Wednesday, October 18, 2023


 Friday the 6th of October was my birthday. This date is not always easy for me because it is also the date when my first husband was killed in the Yom Kippur War. There were years when I ignored my birthday, but years have come when I do mention it and here in the picture is my granddaughter, some of you know her from the blog at the restaurant in Ashdod where we celebrated my birthday. In the last week, Ashdod has been bombed every day and of course you can't go to the restaurant. But on this Friday life still seemed normal. On Saturday morning that changed.                                                                                                                                                                                                                                                  On this birthday I promised myself that this would be the year I stop being afraid.

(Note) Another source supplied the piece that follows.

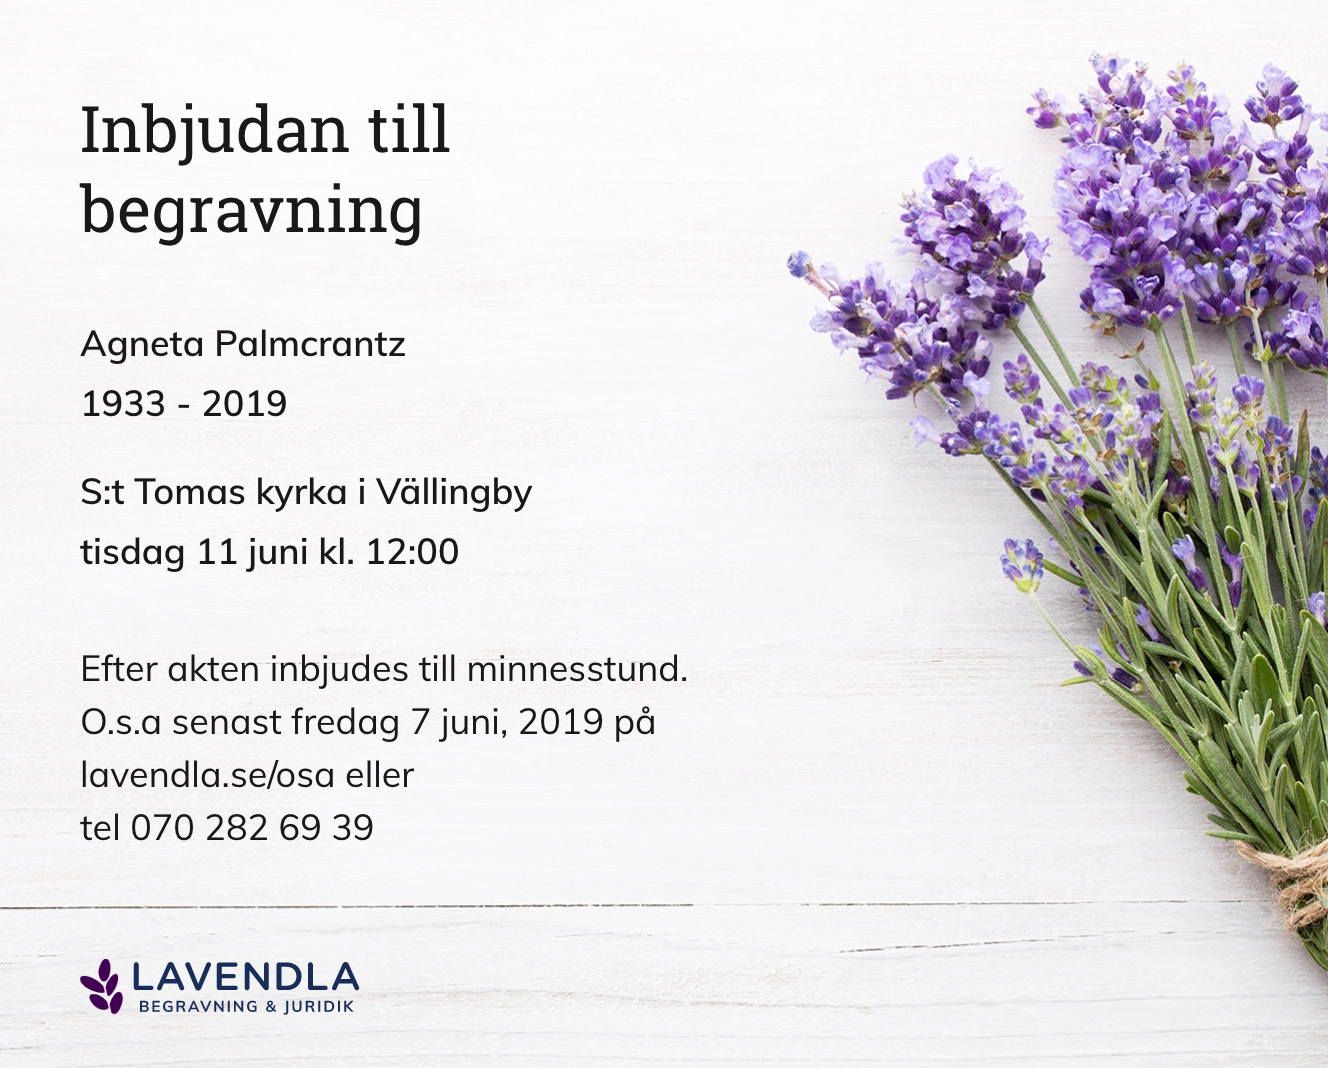 Inbjudningskort till ceremonin för Agneta Palmcrantz

I always worry and there are too many that I fear because of them. Like driving in certain places and parking in the city. I didn't think that the next morning life would challenge me to stop being afraid.

Indeed I am very proud of myself. I'm not afraid I went to my grandchildren yesterday with sweets and food that I cooked for them. I prayed all the way that I wouldn't get hit by a missile and I did arrive safely and returned home after two hours.                                                                                                                                                                                                                                                                                      Yesterday on the phone my hairdresser told me that he had no clients. I agreed with him that I would arrive this morning and hoped that this time too I would do the 14 kilometers in peace, so it was.

It is now afternoon and that is the time when the windows and the house start shaking. Biden is visiting here and it gives a little confidence that there might be someone to help in difficult times.

Thanks again to everyone who says a kind word. It helps a lot.

26 comments:

  1. You are brave to go out and reach out to others. I hope you stay safe, Yael, and this horror will be over soon.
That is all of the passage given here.